= COL Group =

Digital publishing company

COL Group Co Ltd (中文在线) is a digital content company. Founded in 2000, the company develops and applies IP across formats and applies AI technology into its operations. It operates its business in several countries and regions.

COL Group's core business includes content development, IP operations, international business expansion, and the use of Artificial Intelligence (AI) to support its content.

== History ==
COL was founded at Tsinghua University, Beijing, in 2000. It was listed on Shenzhen Stock Exchange on 21 January 2015.

COL Group sources licensed digital content from its proprietary platforms, contracted authors, and copyright organizations. It operates multiple original content platforms, including 17K.com and 4YT.NET, as well as genre-focused labels for science fiction and mystery fiction.

According to company disclosures, the group reported holding a catalog of more than 5.6 million digital works, with participation from over 4.5 million online authors and partnerships with hundreds of copyright organizations.

In 2022, COL Group reported revenue from paid short-form video content, including mini-series.

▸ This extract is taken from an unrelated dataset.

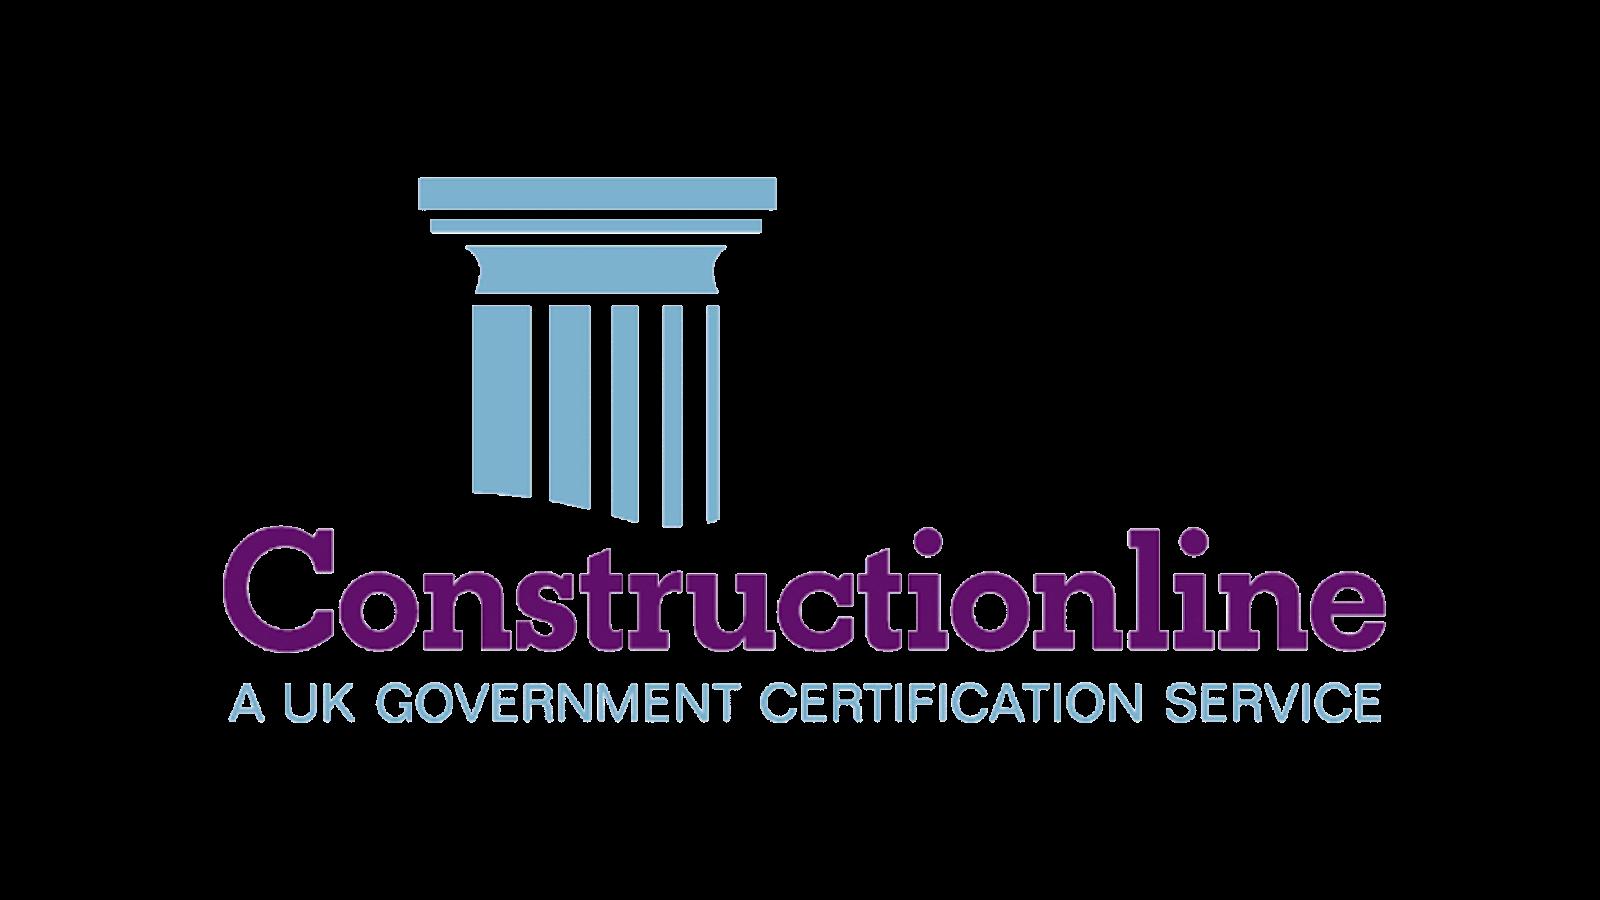 Renov8-Accreditations-Constructionline.png

The company operates online literature platforms in China and is involved in short-form drama production, IP-based merchandise, and related fields. It has established offices in the U.S., Japan, and Southeast Asia, and holds a stake in Crazy Maple Studio, the parent company of the short drama platform 'ReelShort'.

== ReelShort ==

Crazy Maple Studio, a partially owned subsidiary of COL Group, published the video app ReelShort in August 2022. It provides duanjus that are only several minutes long. Crazy Maple Studio adapted some shows from scripts that were originally written in Chinese and produced for users in China. After downloads of ReelShort from the US Apple App Store surged in November 2023, COL's stock price more than doubled in two weeks.

== Sereal+ ==

Sereal+ is a duanju platform under COL Web, which was launched in December 2023. It produces and distributes short drama globally. Users have access to various genres of duanjus via Sereal+'s App or its website. Series include Once Upon a Divorce: The Double Life of Lady Diana, Wake Up Dad! Wedding Time, and My Cold-Blooded Alpha King.

== UniReel ==
In November 2024, COL JAPAN launched the duanju app UniReel. Its first series was a school-based mystery drama——The Final Lesson – Only Survivors Graduate. UniReel's first production was a short drama originally produced by Nippon TV, starring Yusei Yagi. The Final Lesson – Only Survivors Graduate won Best Actor at the 1st Asia Short-Form Drama Awards in 2025, with Yusei Yagi recognized for his performance in the UniReel-released series.

== FlareFlow ==
FlareFlow distributes serialized short dramas optimized for mobile viewing. The service was introduced as part of COL Group’s expansion into overseas digital entertainment markets.FlareFlow maintains offices in Singapore, Los Angeles, and Beijing.Its catalog includes both licensed and original productions released in episodic format.

The platform became available on the App Store and Google Play in April 2025. In September 2025, it briefly ranked among the top free entertainment apps in the United States. By late 2025, FlareFlow was accessible in over 170 countries with multilingual user interfaces.

FlareFlow features short-form series across genres such as romance, fantasy, urban drama, and suspense. FlareFlow commissions both independent studios and in-house teams to produce content for international distribution. Industry reports note that FlareFlow has achieved download growth and category rankings in markets such as the United States, Germany, Australia, and Canada.

In 2025, COL Group disclosed the establishment of a microdrama production facility in the Guangdong–Hong Kong–Macao Greater Bay Area. According to industry reporting, the facility includes multiple standing sets designed for short-form drama production and is intended to support the filming of serialized microdrama content."COL Group Unveils First Look at Dedicated Microdrama Studio in Macao" (2025)

== Tanmi Space ==
Tanmi Space is an IP derivatives brand under COL Group engaged in the development of trendy toys. It produces original toy lines and merchandise based on proprietary and collaborative intellectual properties.

== Investment in AI ==

AI LLM

COL Group has invested in AI LLM (Large Language Model) and multimodal generative AI, both technically and commercially. In 2023, COL Group launched "Xiaoyao.ai," a 10,000-word creative LLM, capable of generating a 10,000-word novel with one click, writing a novel from a single image, and comprehending a million-word novel in one read. auther.xiaoyao.ai enables users to create and publish AI-assisted original works.

AI Anime Shorts

COL Group engages in the production of AI anime shorts as part of its digital content business. These short animated series are created using artificial intelligence technologies in areas such as scriptwriting, visual design, and animation generation. The company integrates AI tools into the content production workflow to support the development of serialized short-form animations, primarily targeting mobile and online platforms. This initiative forms a segment of COL Group's broader involvement in AI-assisted content creation.